The consultant interview
Before the interview
Preparation is essential and should include time spent making
visits
(preferably before making a formal application, to avoid
canvassing). Consider
spending time in the service, by asking
to attend team meetings and ward
rounds. If relevant, try to
find out why the last consultant left. Speak to
the key consultants
and follow up any suggested leads. The medical director
will
be able to explain how last years cost improvements were
delivered
and which aspects of the service will be reshaped
in the coming year. You
could also discuss issues relating
to the consultant contract (including the
programmed
activities). Ask the chief executive about the
trusts
vision for the next 5 years. Ask the trust representatives what
mentoring arrangements would be available if you were appointed
the
College recommends that such arrangements are identified
before the meeting of
the appointments committee (
Dean,
2003).
Do not be afraid to discuss informally why you want
the
job; others may have come to the trust for the same reasons!
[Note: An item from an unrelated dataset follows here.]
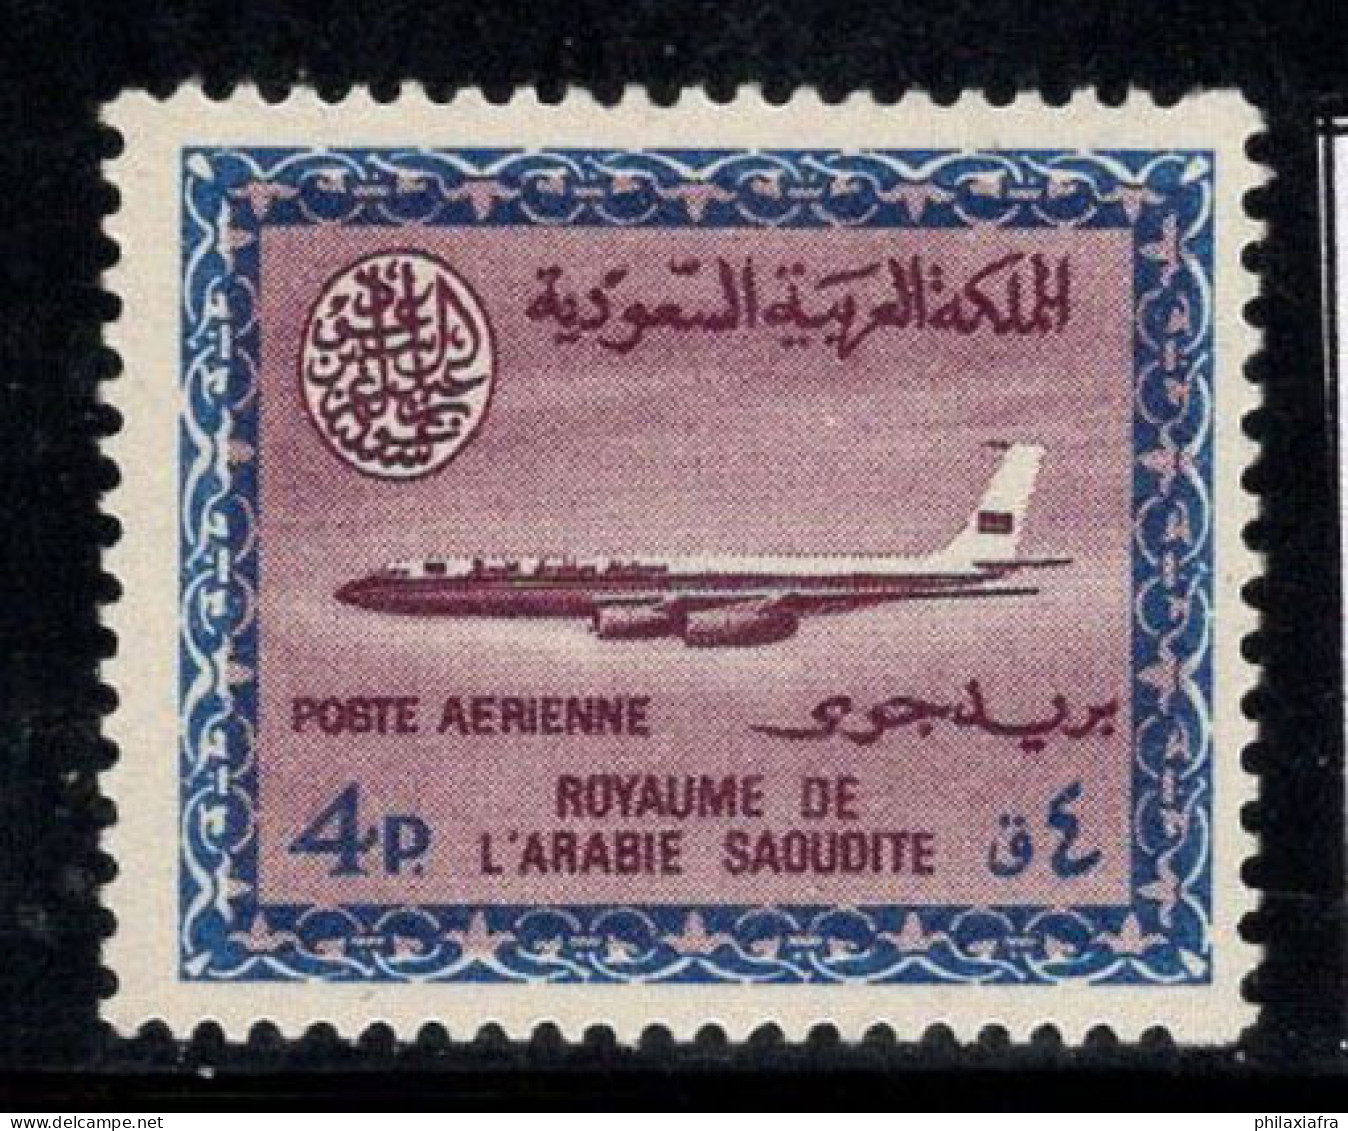 Arabie Saoudite 1965-72 Mi. 245 Neuf ** 100% Poste Aérienne 4 Pia, Boeing 720 B - Arabie Saoudite

Recommendation 9. Gather information about national and local trust
policies, e.g. clinical governance plan, annual reports. Individual trust
information can be accessed via
http://www.nhs.uk/england/.
Access other useful websites (e.g.
http://www.healthcarecommission.org.uk,
http://www.nice.org.uk/
and
http://www.dh.gov.uk)
and obtain papers on topical developments (e.g. appraisal) from Advances
in Psychiatric Treatment.
Practise interview techniques with your educational supervisor or any
recently appointed consultants, videotaping the sessions. You need to sound
confident and natural, but not rehearsed.
At the interview
The appointments committee usually consists of:
- the chief executive of the trust
- the medical director
- a regional consultant
- a College-approved member from the same specialty but a different trust
- a lay member (often a non-executive board member).
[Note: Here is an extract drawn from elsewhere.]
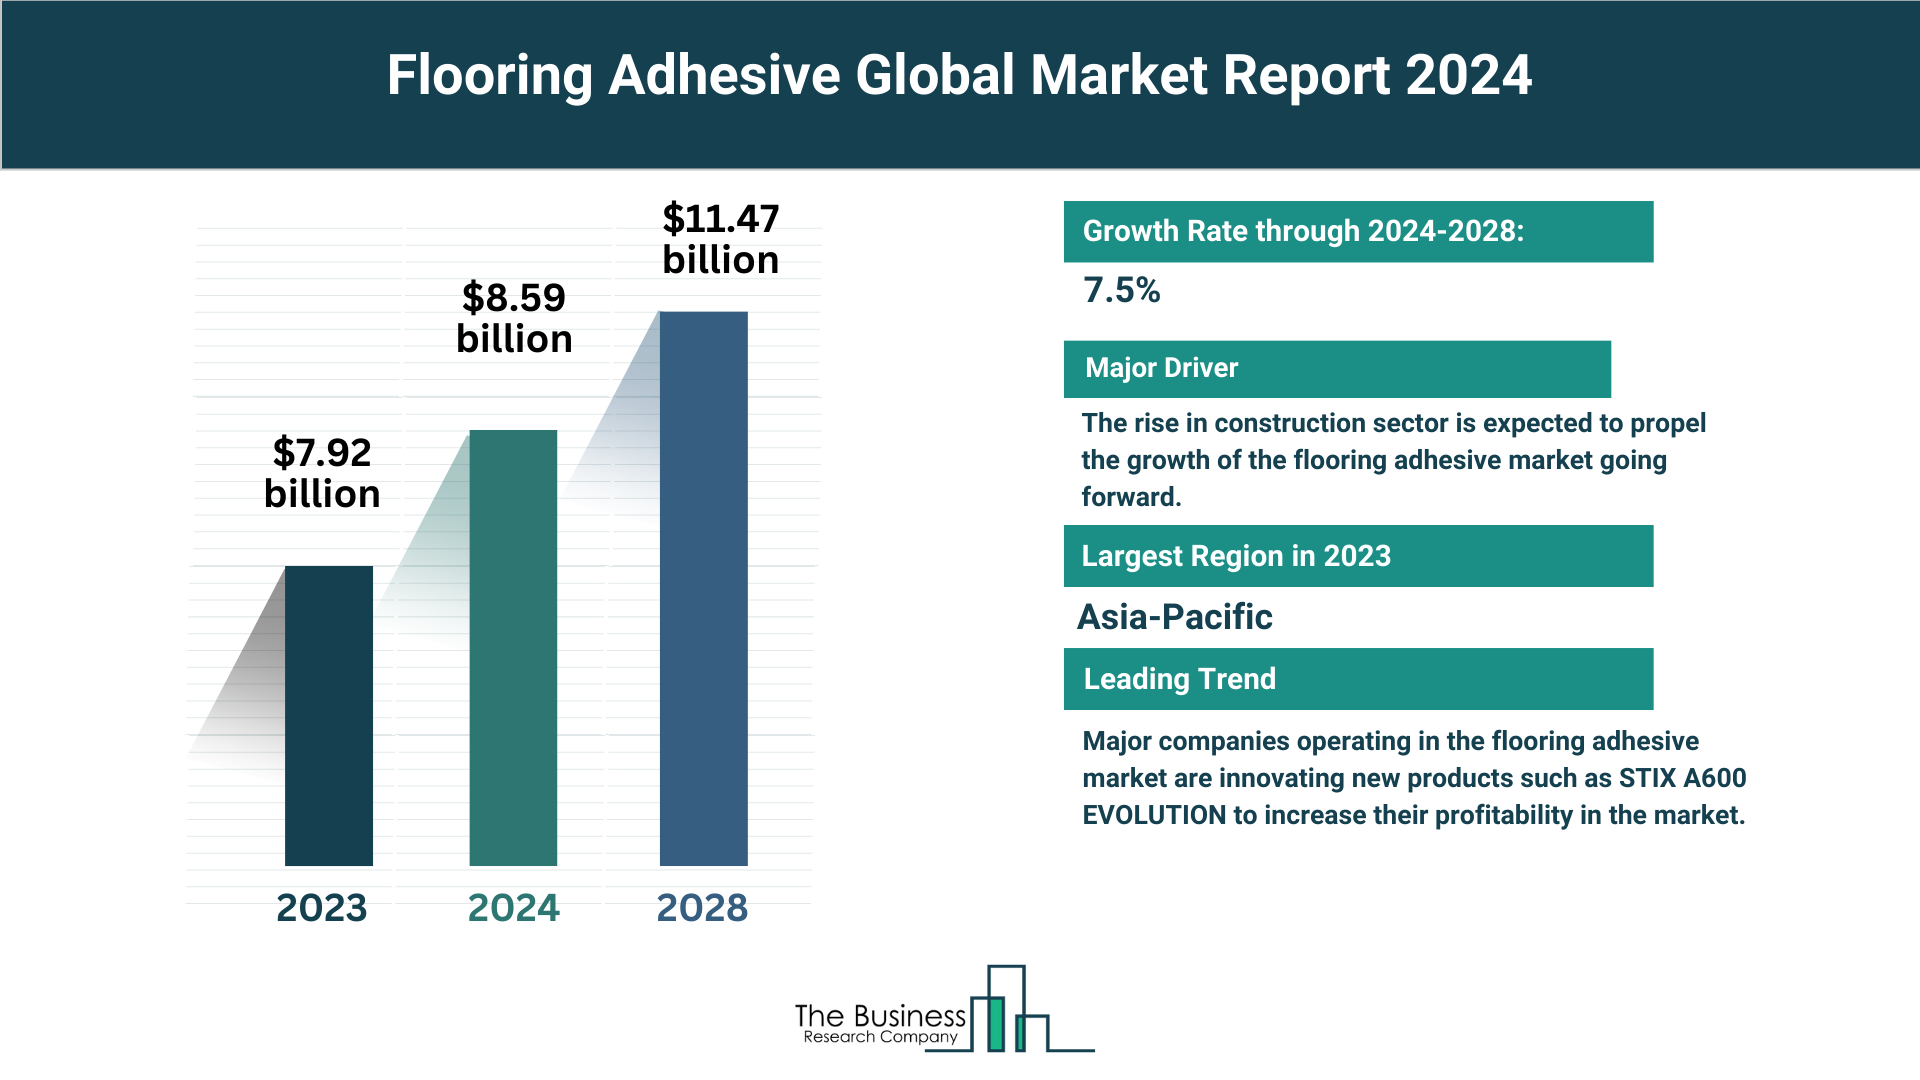 How Will Flooring Adhesive Market Grow Through 2024-2033?

Additional members can include university representatives for teaching and
research, a representative from the primary care trust, a service manager and
a carers representative. Good preparation can reduce anxiety levels, as
you will have met some of these people before. Each panel member will have an
appropriate area to question. The College representative will check HST
issues, while the chief executive will be more interested in trust targets and
clinical governance issues. The medical director will need to know what the
successful candidate will offer to the trust (e.g. local service
developments), whereas the local consultant will be interested in team-working
skills. Be able to say what skills and experience you may bring to the trust,
using objective evidence from your curriculum vitae. Be aware of your
strengths and weaknesses and try to display a good understanding of current
training and service development terminology (e.g. clinical governance,
appraisal, revalidation, personal development plans).
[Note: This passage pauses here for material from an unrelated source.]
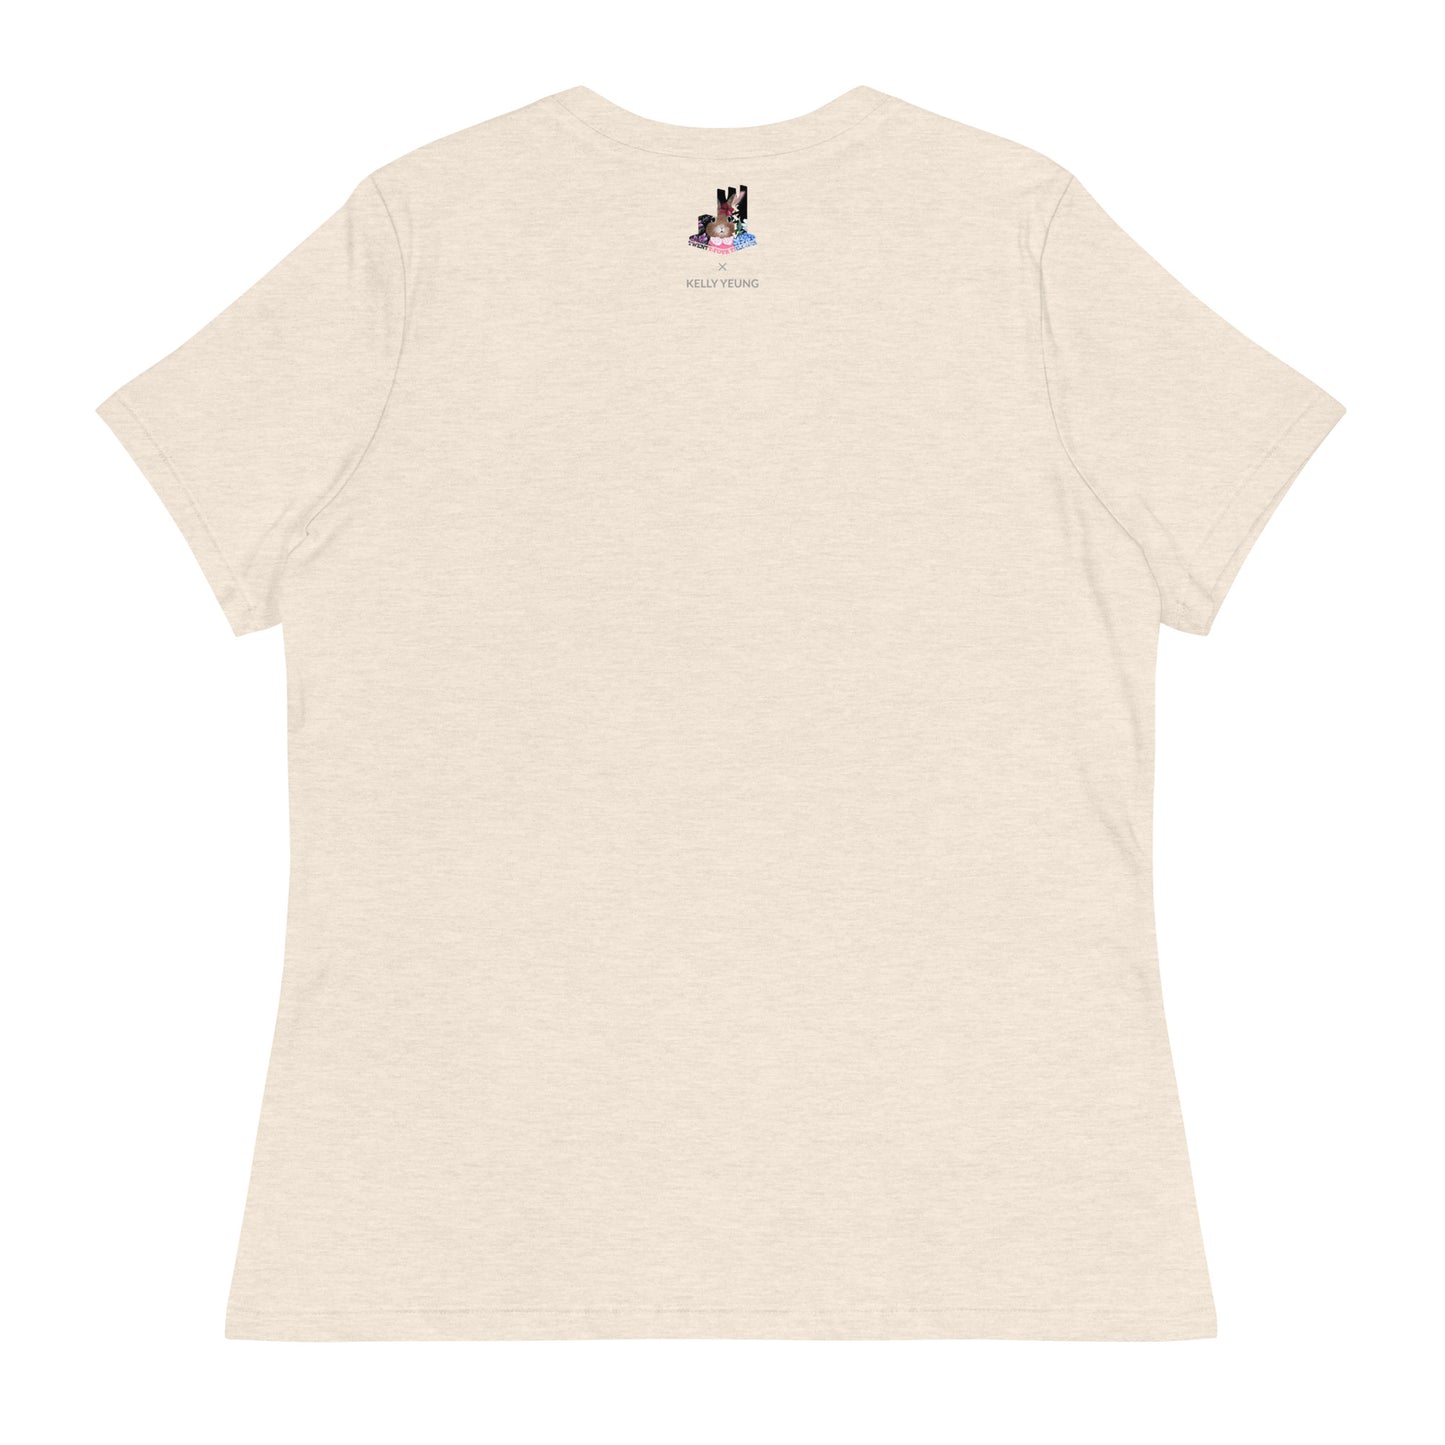 Hare Women's T-Shirt
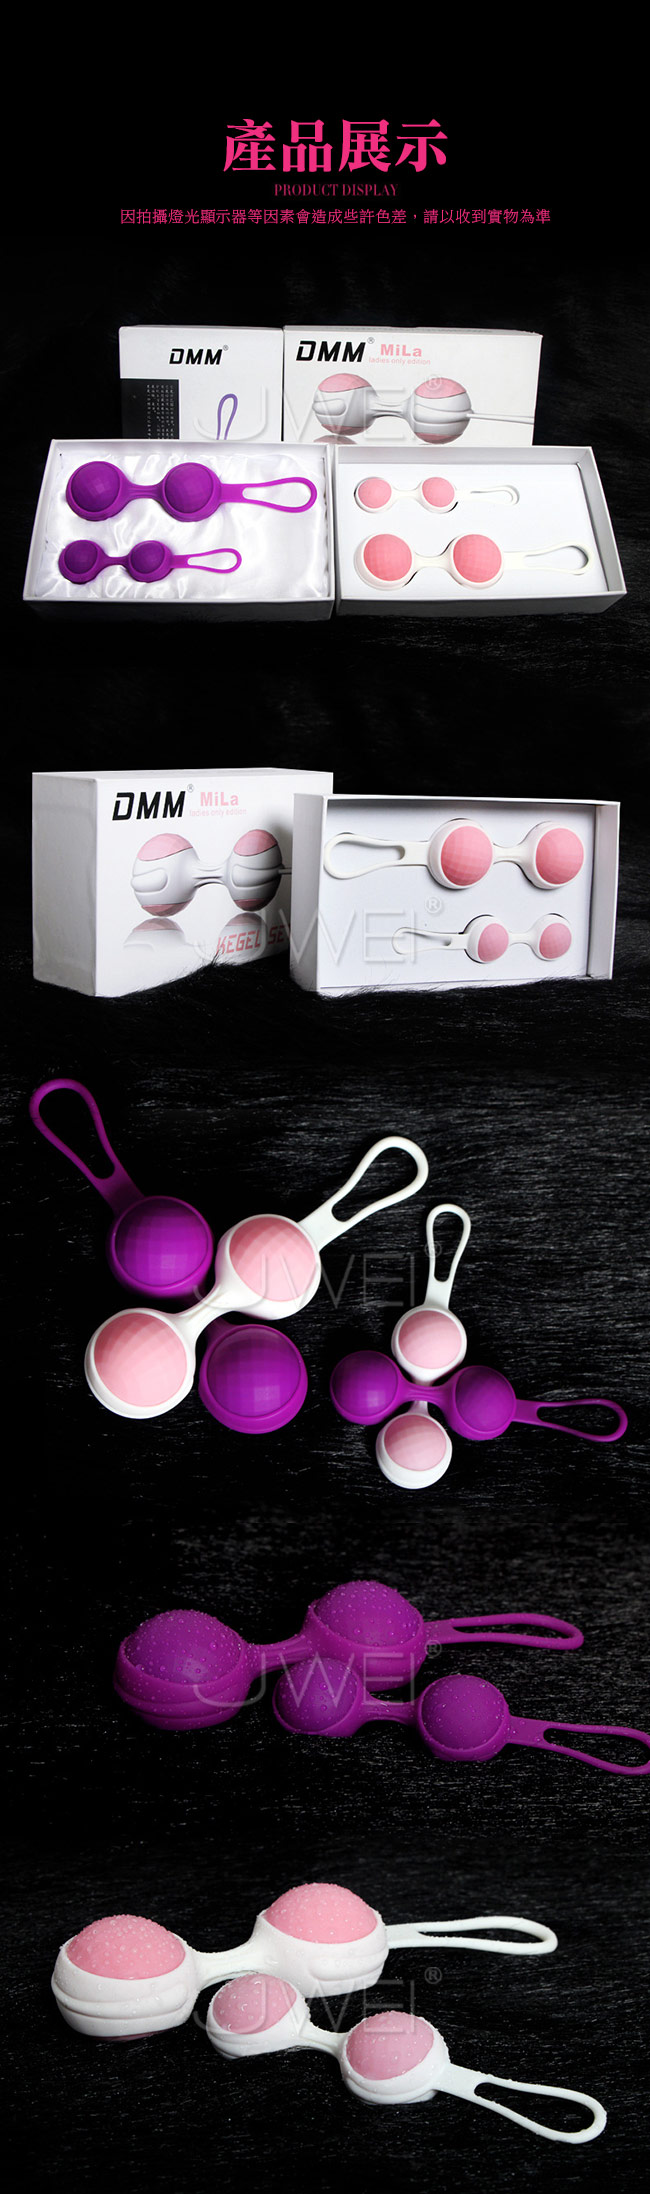 DMM．Mila 階段訓練凱格爾縮陰球套裝組-紫色

Recommendation 10. At the end of the interview, when asked whether
you have any questions for the panel, it helps if you can comment that you
have met some of the panel members before and that they have already been
helpful in answering your questions.Why would an interview panel wish to
appoint someone who had not come to meet their possible future colleagues?
After the interview
If you are not successful, ask for a contact to obtain feedback. There may
have been a better candidate on the day or you may need to improve your
interview skills.

Conclusion
Despite the current vacancy rates of consultant psychiatrist
posts, the SpR
to consultant transition can be challenging.
By introducing a SpR
competency based curriculum,
the College has shown its
commitment to ensuring that trainees
develop the necessary skills needed to
practise as a consultant.
Offering new consultants a named mentor should also
make the
transition a smoother one.
While many regard securing a consultant post as marking the end of a long
training process that started at medical school, it is better viewed as
marking the start of another new beginning that of
lifelong continuing professional development. As Sir Winston Churchill wrote
in 1942:
This is not the end. It is not even the beginning of the end. But it
is, perhaps, the end of the beginning.